» **YOUR INSTRUCTIONS**: Every line below should be duplicated exactly.

» **PROVIDED DATA**:

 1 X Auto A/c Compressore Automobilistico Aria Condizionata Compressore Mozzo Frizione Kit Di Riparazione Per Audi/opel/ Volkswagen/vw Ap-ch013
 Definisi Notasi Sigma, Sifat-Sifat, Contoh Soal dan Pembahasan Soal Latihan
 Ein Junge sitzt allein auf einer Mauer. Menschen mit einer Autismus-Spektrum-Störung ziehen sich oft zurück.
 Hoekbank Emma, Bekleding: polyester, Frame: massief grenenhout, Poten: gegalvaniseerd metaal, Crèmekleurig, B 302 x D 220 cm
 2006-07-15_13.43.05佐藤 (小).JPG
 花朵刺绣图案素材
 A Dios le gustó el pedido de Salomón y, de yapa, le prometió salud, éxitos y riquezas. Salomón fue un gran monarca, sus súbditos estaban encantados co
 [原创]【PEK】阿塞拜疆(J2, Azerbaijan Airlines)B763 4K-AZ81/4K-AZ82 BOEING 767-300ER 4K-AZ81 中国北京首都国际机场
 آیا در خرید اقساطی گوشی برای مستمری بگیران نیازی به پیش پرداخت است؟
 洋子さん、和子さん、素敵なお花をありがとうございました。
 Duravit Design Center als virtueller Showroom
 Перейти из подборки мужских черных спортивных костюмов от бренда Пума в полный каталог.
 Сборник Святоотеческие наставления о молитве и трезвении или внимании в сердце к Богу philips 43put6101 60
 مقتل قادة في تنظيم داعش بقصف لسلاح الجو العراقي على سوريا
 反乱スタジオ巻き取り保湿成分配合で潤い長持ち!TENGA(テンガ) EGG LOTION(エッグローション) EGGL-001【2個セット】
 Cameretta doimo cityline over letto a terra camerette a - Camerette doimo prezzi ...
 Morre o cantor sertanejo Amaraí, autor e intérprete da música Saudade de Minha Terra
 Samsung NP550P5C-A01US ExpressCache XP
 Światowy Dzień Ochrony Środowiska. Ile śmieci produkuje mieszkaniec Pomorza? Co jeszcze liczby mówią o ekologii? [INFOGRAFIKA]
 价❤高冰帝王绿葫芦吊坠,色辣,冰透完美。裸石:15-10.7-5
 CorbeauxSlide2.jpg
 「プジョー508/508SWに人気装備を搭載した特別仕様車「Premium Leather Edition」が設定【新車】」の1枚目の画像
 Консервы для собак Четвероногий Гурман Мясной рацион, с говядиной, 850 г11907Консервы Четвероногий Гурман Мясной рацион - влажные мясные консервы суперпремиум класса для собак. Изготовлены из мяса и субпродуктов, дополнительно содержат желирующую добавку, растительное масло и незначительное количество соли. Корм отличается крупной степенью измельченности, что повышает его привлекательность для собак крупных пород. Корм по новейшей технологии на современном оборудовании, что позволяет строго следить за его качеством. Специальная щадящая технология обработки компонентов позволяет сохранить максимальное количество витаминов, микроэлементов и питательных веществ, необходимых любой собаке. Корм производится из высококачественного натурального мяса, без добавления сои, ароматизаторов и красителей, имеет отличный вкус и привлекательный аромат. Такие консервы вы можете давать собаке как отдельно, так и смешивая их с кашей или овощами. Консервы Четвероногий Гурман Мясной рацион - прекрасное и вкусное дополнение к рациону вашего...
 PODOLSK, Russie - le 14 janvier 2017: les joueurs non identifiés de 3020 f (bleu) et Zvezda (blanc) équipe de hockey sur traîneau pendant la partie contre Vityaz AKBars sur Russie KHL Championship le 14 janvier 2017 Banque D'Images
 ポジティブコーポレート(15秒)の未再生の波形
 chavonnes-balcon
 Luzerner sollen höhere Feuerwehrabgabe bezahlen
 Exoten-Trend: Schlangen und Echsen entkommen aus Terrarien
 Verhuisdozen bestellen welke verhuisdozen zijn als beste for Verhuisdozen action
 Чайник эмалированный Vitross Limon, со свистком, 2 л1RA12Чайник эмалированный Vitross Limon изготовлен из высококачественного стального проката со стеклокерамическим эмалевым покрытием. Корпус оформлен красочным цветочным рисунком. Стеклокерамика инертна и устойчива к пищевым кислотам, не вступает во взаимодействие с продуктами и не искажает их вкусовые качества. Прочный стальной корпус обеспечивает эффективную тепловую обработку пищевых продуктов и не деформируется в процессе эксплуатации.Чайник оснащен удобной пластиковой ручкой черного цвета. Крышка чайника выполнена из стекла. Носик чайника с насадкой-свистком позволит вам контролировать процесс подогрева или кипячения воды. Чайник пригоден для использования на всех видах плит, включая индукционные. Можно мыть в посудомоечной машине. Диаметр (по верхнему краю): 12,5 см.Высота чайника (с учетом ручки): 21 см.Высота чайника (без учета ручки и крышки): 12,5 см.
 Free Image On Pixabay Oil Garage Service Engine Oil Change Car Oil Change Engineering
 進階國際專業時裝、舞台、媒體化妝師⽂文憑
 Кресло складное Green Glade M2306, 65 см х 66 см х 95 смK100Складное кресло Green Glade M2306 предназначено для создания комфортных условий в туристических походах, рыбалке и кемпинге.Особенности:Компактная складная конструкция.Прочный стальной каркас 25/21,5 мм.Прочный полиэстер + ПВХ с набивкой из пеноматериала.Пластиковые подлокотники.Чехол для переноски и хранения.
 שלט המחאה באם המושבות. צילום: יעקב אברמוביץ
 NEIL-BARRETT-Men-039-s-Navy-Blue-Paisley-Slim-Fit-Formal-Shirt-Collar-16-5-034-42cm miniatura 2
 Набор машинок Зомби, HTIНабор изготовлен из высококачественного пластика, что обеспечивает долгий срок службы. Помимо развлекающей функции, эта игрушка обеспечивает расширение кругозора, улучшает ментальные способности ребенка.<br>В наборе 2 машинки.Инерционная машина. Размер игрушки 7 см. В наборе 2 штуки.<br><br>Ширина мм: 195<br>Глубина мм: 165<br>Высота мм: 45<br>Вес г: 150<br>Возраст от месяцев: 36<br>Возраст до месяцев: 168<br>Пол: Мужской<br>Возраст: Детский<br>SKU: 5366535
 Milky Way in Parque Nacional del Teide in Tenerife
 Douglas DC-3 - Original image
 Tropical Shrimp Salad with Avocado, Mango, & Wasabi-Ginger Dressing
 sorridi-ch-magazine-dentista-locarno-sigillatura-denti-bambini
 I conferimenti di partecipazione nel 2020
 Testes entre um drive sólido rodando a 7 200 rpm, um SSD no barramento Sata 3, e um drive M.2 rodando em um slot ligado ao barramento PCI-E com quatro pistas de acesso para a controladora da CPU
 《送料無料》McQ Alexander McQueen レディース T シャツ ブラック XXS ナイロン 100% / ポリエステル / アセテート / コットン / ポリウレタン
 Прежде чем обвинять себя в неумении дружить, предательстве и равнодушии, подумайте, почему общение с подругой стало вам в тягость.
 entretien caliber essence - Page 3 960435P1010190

» **YOUR SOLUTION**:
 1 X Auto A/c Compressore Automobilistico Aria Condizionata Compressore Mozzo Frizione Kit Di Riparazione Per Audi/opel/ Volkswagen/vw Ap-ch013
 Definisi Notasi Sigma, Sifat-Sifat, Contoh Soal dan Pembahasan Soal Latihan
 Ein Junge sitzt allein auf einer Mauer. Menschen mit einer Autismus-Spektrum-Störung ziehen sich oft zurück.
 Hoekbank Emma, Bekleding: polyester, Frame: massief grenenhout, Poten: gegalvaniseerd metaal, Crèmekleurig, B 302 x D 220 cm
 2006-07-15_13.43.05佐藤 (小).JPG
 花朵刺绣图案素材
 A Dios le gustó el pedido de Salomón y, de yapa, le prometió salud, éxitos y riquezas. Salomón fue un gran monarca, sus súbditos estaban encantados co
 [原创]【PEK】阿塞拜疆(J2, Azerbaijan Airlines)B763 4K-AZ81/4K-AZ82 BOEING 767-300ER 4K-AZ81 中国北京首都国际机场
 آیا در خرید اقساطی گوشی برای مستمری بگیران نیازی به پیش پرداخت است؟
 洋子さん、和子さん、素敵なお花をありがとうございました。
 Duravit Design Center als virtueller Showroom
 Перейти из подборки мужских черных спортивных костюмов от бренда Пума в полный каталог.
 Сборник Святоотеческие наставления о молитве и трезвении или внимании в сердце к Богу philips 43put6101 60
 مقتل قادة في تنظيم داعش بقصف لسلاح الجو العراقي على سوريا
 反乱スタジオ巻き取り保湿成分配合で潤い長持ち!TENGA(テンガ) EGG LOTION(エッグローション) EGGL-001【2個セット】
 Cameretta doimo cityline over letto a terra camerette a - Camerette doimo prezzi ...
 Morre o cantor sertanejo Amaraí, autor e intérprete da música Saudade de Minha Terra
 Samsung NP550P5C-A01US ExpressCache XP
 Światowy Dzień Ochrony Środowiska. Ile śmieci produkuje mieszkaniec Pomorza? Co jeszcze liczby mówią o ekologii? [INFOGRAFIKA]
 价❤高冰帝王绿葫芦吊坠,色辣,冰透完美。裸石:15-10.7-5
 CorbeauxSlide2.jpg
 「プジョー508/508SWに人気装備を搭載した特別仕様車「Premium Leather Edition」が設定【新車】」の1枚目の画像
 Консервы для собак Четвероногий Гурман Мясной рацион, с говядиной, 850 г11907Консервы Четвероногий Гурман Мясной рацион - влажные мясные консервы суперпремиум класса для собак. Изготовлены из мяса и субпродуктов, дополнительно содержат желирующую добавку, растительное масло и незначительное количество соли. Корм отличается крупной степенью измельченности, что повышает его привлекательность для собак крупных пород. Корм по новейшей технологии на современном оборудовании, что позволяет строго следить за его качеством. Специальная щадящая технология обработки компонентов позволяет сохранить максимальное количество витаминов, микроэлементов и питательных веществ, необходимых любой собаке. Корм производится из высококачественного натурального мяса, без добавления сои, ароматизаторов и красителей, имеет отличный вкус и привлекательный аромат. Такие консервы вы можете давать собаке как отдельно, так и смешивая их с кашей или овощами. Консервы Четвероногий Гурман Мясной рацион - прекрасное и вкусное дополнение к рациону вашего...
 PODOLSK, Russie - le 14 janvier 2017: les joueurs non identifiés de 3020 f (bleu) et Zvezda (blanc) équipe de hockey sur traîneau pendant la partie contre Vityaz AKBars sur Russie KHL Championship le 14 janvier 2017 Banque D'Images
 ポジティブコーポレート(15秒)の未再生の波形
 chavonnes-balcon
 Luzerner sollen höhere Feuerwehrabgabe bezahlen
 Exoten-Trend: Schlangen und Echsen entkommen aus Terrarien
 Verhuisdozen bestellen welke verhuisdozen zijn als beste for Verhuisdozen action
 Чайник эмалированный Vitross Limon, со свистком, 2 л1RA12Чайник эмалированный Vitross Limon изготовлен из высококачественного стального проката со стеклокерамическим эмалевым покрытием. Корпус оформлен красочным цветочным рисунком. Стеклокерамика инертна и устойчива к пищевым кислотам, не вступает во взаимодействие с продуктами и не искажает их вкусовые качества. Прочный стальной корпус обеспечивает эффективную тепловую обработку пищевых продуктов и не деформируется в процессе эксплуатации.Чайник оснащен удобной пластиковой ручкой черного цвета. Крышка чайника выполнена из стекла. Носик чайника с насадкой-свистком позволит вам контролировать процесс подогрева или кипячения воды. Чайник пригоден для использования на всех видах плит, включая индукционные. Можно мыть в посудомоечной машине. Диаметр (по верхнему краю): 12,5 см.Высота чайника (с учетом ручки): 21 см.Высота чайника (без учета ручки и крышки): 12,5 см.
 Free Image On Pixabay Oil Garage Service Engine Oil Change Car Oil Change Engineering
 進階國際專業時裝、舞台、媒體化妝師⽂文憑
 Кресло складное Green Glade M2306, 65 см х 66 см х 95 смK100Складное кресло Green Glade M2306 предназначено для создания комфортных условий в туристических походах, рыбалке и кемпинге.Особенности:Компактная складная конструкция.Прочный стальной каркас 25/21,5 мм.Прочный полиэстер + ПВХ с набивкой из пеноматериала.Пластиковые подлокотники.Чехол для переноски и хранения.
 שלט המחאה באם המושבות. צילום: יעקב אברמוביץ
 NEIL-BARRETT-Men-039-s-Navy-Blue-Paisley-Slim-Fit-Formal-Shirt-Collar-16-5-034-42cm miniatura 2
 Набор машинок Зомби, HTIНабор изготовлен из высококачественного пластика, что обеспечивает долгий срок службы. Помимо развлекающей функции, эта игрушка обеспечивает расширение кругозора, улучшает ментальные способности ребенка.<br>В наборе 2 машинки.Инерционная машина. Размер игрушки 7 см. В наборе 2 штуки.<br><br>Ширина мм: 195<br>Глубина мм: 165<br>Высота мм: 45<br>Вес г: 150<br>Возраст от месяцев: 36<br>Возраст до месяцев: 168<br>Пол: Мужской<br>Возраст: Детский<br>SKU: 5366535
 Milky Way in Parque Nacional del Teide in Tenerife
 Douglas DC-3 - Original image
 Tropical Shrimp Salad with Avocado, Mango, & Wasabi-Ginger Dressing
 sorridi-ch-magazine-dentista-locarno-sigillatura-denti-bambini
 I conferimenti di partecipazione nel 2020
 Testes entre um drive sólido rodando a 7 200 rpm, um SSD no barramento Sata 3, e um drive M.2 rodando em um slot ligado ao barramento PCI-E com quatro pistas de acesso para a controladora da CPU
 《送料無料》McQ Alexander McQueen レディース T シャツ ブラック XXS ナイロン 100% / ポリエステル / アセテート / コットン / ポリウレタン
 Прежде чем обвинять себя в неумении дружить, предательстве и равнодушии, подумайте, почему общение с подругой стало вам в тягость.
 entretien caliber essence - Page 3 960435P1010190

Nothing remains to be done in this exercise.